Tante sono le realtà nelle quali le società fondano i propri progetti calcistici partendo dal settore giovanile e che ripongono in esso i propri sforzi, anche economici, in quanto considerato imprescindibile per la crescita e la stabilità futura della società stessa. Non è un caso che molte società che hanno attuato questo percorso, adesso stanno raccogliendo i frutti di una scelta coraggiosa, ma al tempo stesso logica e sensata, e non serve allontanarsi tanto dal nostro territorio per vedere schierati in campo 7 calciatori del posto, che l’anno precedente avevano giocato la Juniores Nazionale. Brindisi ha sempre portato con sé la necessità di fare risultato immediato e questo ha costretto le varie società succedutesi a rinunciare di investire nel settore giovanile, purtroppo sbagliando, ma mi rendo conto che questi errori sono stati ripetuti ancora una volta e che non abbiamo imparato niente da quello già accaduto negli anni precedenti poiché non c’è avvenire per una società che decide di non investire e di non valorizzare il progetto del settore giovanile. Tante sono infatti le realtà, anche di un certo rilievo, fallite proprio per non avere riposto valore e fiducia. In ogni caso continuiamo a lavorare con estrema serietà e dedizione sperando che prima o poi qualcuno si renda conto di quanto sia importante il nostro lavoro giovanile per la Brindisi calcistica».

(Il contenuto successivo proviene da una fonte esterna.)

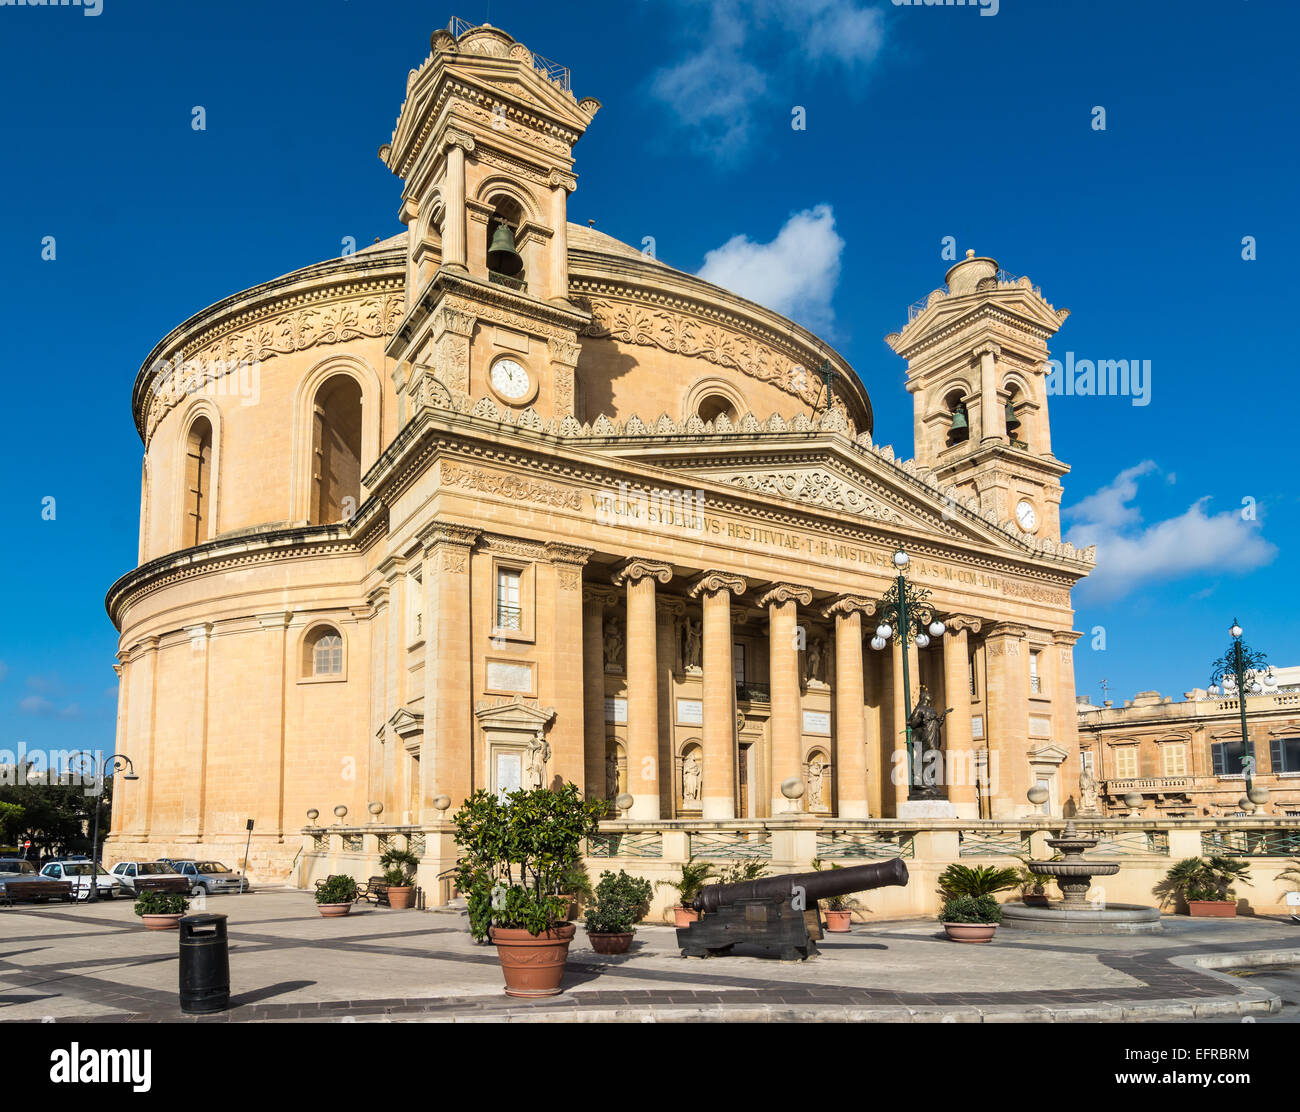 La célèbre église St Mary's à London à Malte qu'on appelle parfois la rotonde de Mosta ou le dôme de Mosta. C'est la troisième plus grande Banque D'Images

Altri articoli di "Calcio"
Calcio
22/02/2020
BRINDISI - Dopo la bomba di ieri, che ha messo in allarme ...
Calcio
21/02/2020
BRINDISI -  Lo abbiamo già scritto in un ...
Calcio
19/02/2020
Nella ventesima giornata del Campionato Nazionale Juniores girone M, il Francavilla ha ...
Calcio
16/02/2020
FOGGIA - Nella ventiquattresima giornata di campionato il Brindisi di mister Ciullo perde ...
«No Bomb, Yes Love» è il concerto di Eugenio Finardi, Bungaro, Raffaele Casarano e Mirko Signorile ...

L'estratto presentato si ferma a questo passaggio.